All the media attention generated by these incidents has even led to heckling, Santanna said. The most common remark he hears: “Get out of that pedicab. It’s a death trap.”
“I stay out of the way of cars,” Santanna said.
With his knit cap, cargo pants, and sneakers, Santanna is ready for a night of helping “intoxicated people” make their ways home.
If the customer is “totally drunk,” Santanna tries to help him or her as much as he can. But when customers act destructively or make it hard for him to pedal, he said he has no choice but to kick them out. “Right when they come up I can tell what kind of ride it’s gonna be,” he said.
“We obey the laws,” Santanna said. “There are intoxicated people in the cab, and you have to take care of them. We help the best we can.”
It’s not drunken customers he’s worried about, it’s drunken drivers. “You need to worry about who’s behind the wheel, not the pedicab.”

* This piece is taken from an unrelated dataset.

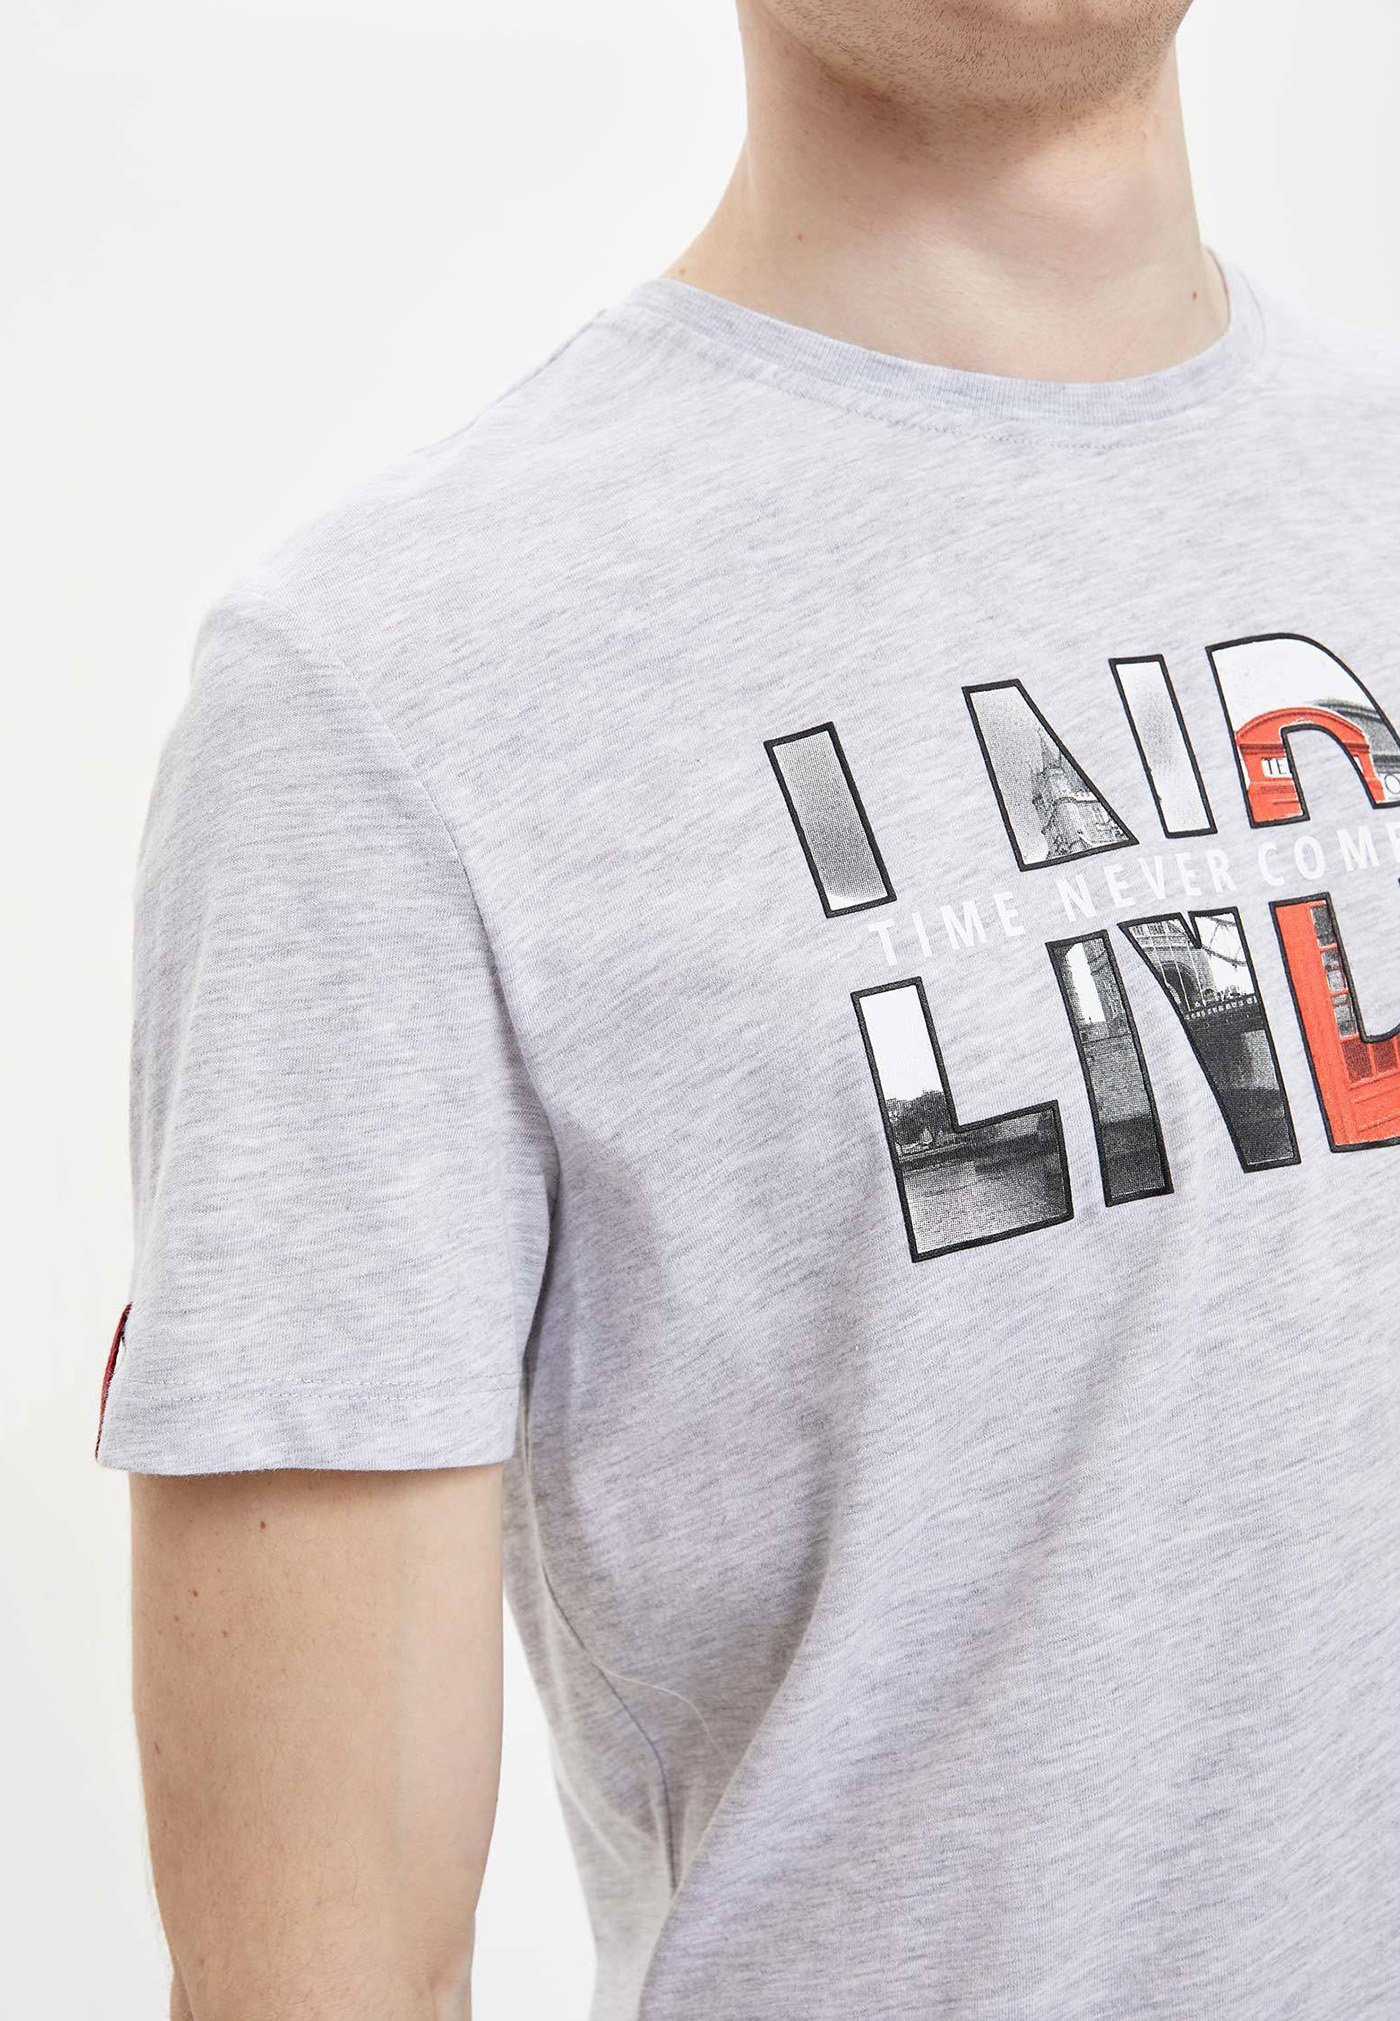 DeFacto Print T-shirt - grey GTDbH

Robbery is also an ever-present concern. Santanna was robbed about two years ago and lost some money, but nobody was hurt. He still feels safe doing his job. “You just have to be careful,” he said.
Chico Pedicabs has about six drivers. They pick up their rigs and start working at about 10 p.m., staying out until the early hours of the morning. Although there has been a decrease in the number of customers, Santanna said there isn’t much business during this season anyway.
The recent rash of pedicab incidents doesn’t seem to have fazed customers much. Stephanie Earhart, 28, said her views of pedicabs haven’t changed because of recent events. “It does scare me, but you could walk down the street and get hit,” she said while walking in downtown Chico Monday night (Oct. 9).
John Dean, 38, said he never considers taking a pedicab—not because he’s scared, but because he’d rather walk. “There’s no fault [on the part of the pedicab operators] for the accidents that happened, but it is too bad that they happened,” he said.